If you are looking for a long-term stock, I think JP Morgan and Co. ( Symbol JPM ) should probably be in the running for a portion of your portfolio. Honestly I wouldn’t be surprised if this stock hit $45-50 by the end of 2012.
Tuesday, July 10th, 2012 at 6:39 pm
I am happy to announce to my readers, that my personal stock portfolio is currently over 10% return for the year. In fact it is up 11.8% as of July 10th close. Additionally, there is still 174 days left in this year. How have I been so successful?
- I straddled Best Buy (Symbol: BBY), sold on a bounce and then sold again on a free-fall.
- I was long on Sprint (Symbol: S) for a return of about 12% on my total portfolio.

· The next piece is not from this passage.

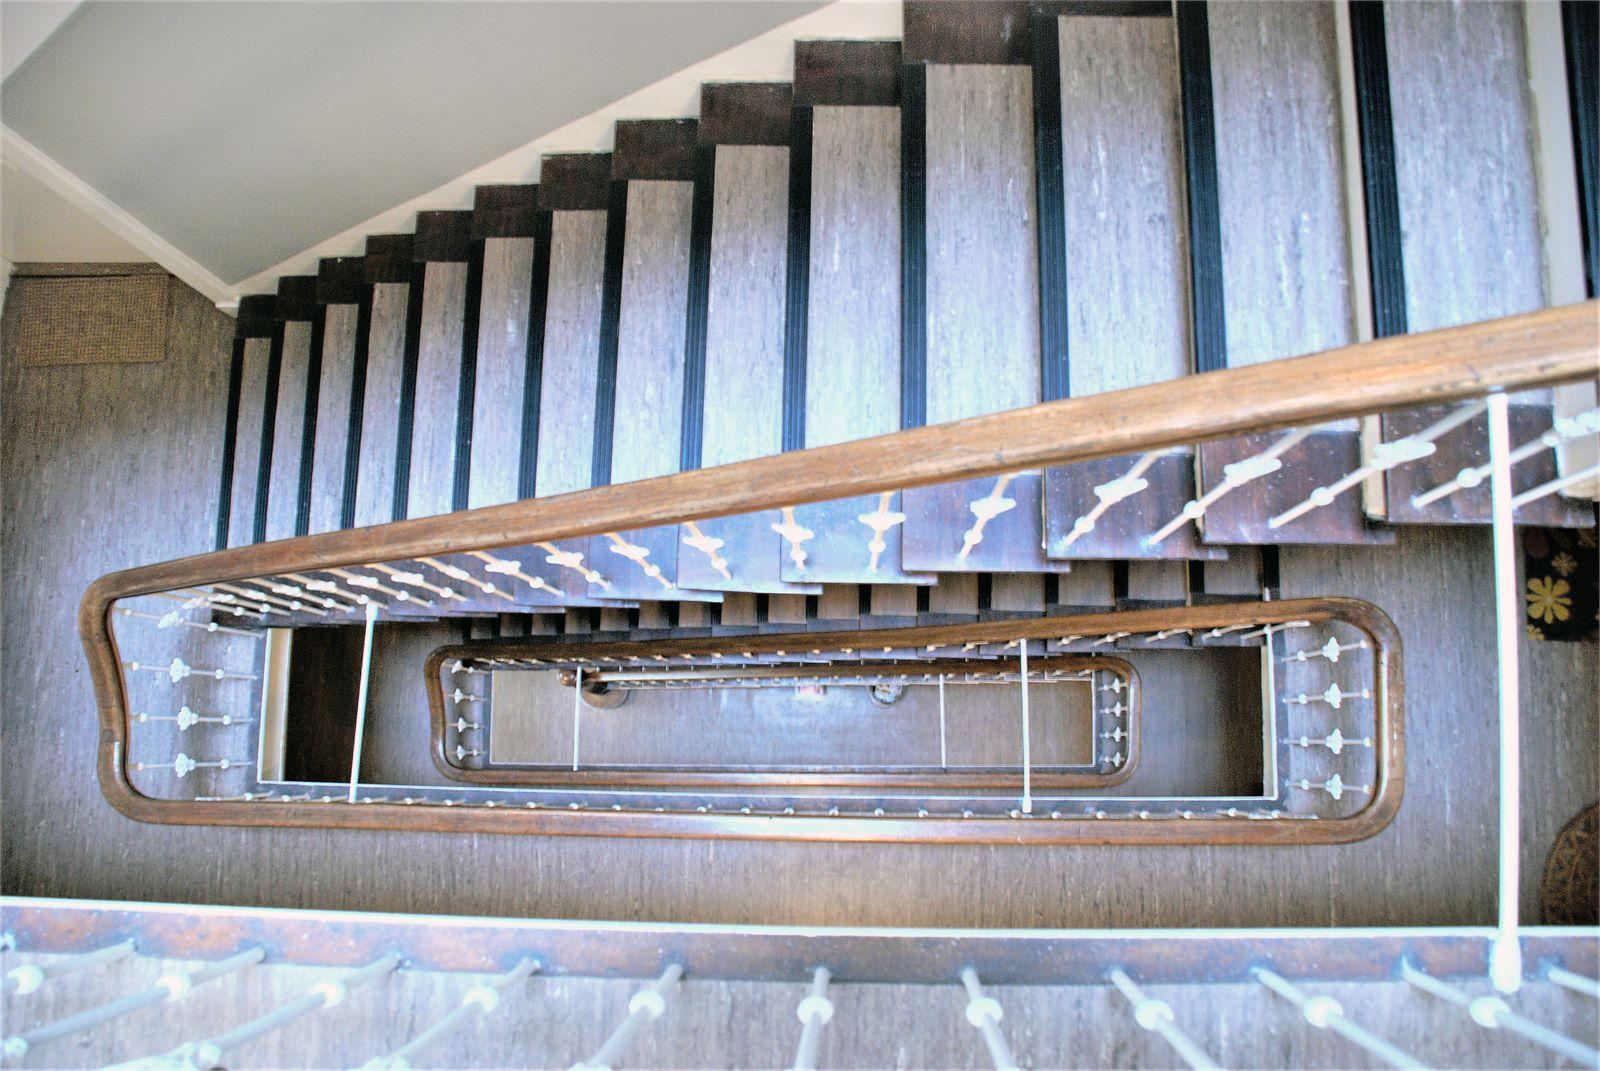 Charmanter Altbau In Eppendorf Mit Balkon Monnier Immobilien Gmbh

- I shorted Monster (Symbol: MNST) for a very quick 11% gain, or about 1.5% return on total portfolio
- And a bunch of various smaller trades, including GE, MET, DOW, AAPL.
- I sold out of Amazon at a bad time to take a massive loss
- I bought into Netflix (Symbol: NFLX), thinking that it was ready to regain $100+ a share.
- I bought HP (Symbol: HPQ), and it was a dud.
- My conservative cover call positions, really didn’t pan out to be too successful. Most were gains, but fraction of percentage gains.
Why such a long delay on an update? Because I changed brokers. Because I deal with such small amounts of money, I decided to go to OptionsHouse from Etrade. They had a promotion that they would transfer it over without cost and I decided to jump. Do I like OptionHouse More? Yes and No. The fees are substantially cheaper, but the interface isn’t as good as some of the Etrade products. However, the fees are so much cheaper, that I will continue to stay with OptionHouse. Five bucks for a option trade of 5 contracts or less, hard to beat.
There was a little but of a hick-up though, one of my cost basis did not transfer over properly and they solved one problem, but made another. They added the cost basis (that I had to give them via email), but it immediately showed up as a gain.
Regardless, be prepared to have more stock portfolio updates and recommendations. At this current rate I could even hit a crazy 20% by the end of the year (or lose the 11% I have gained thus far).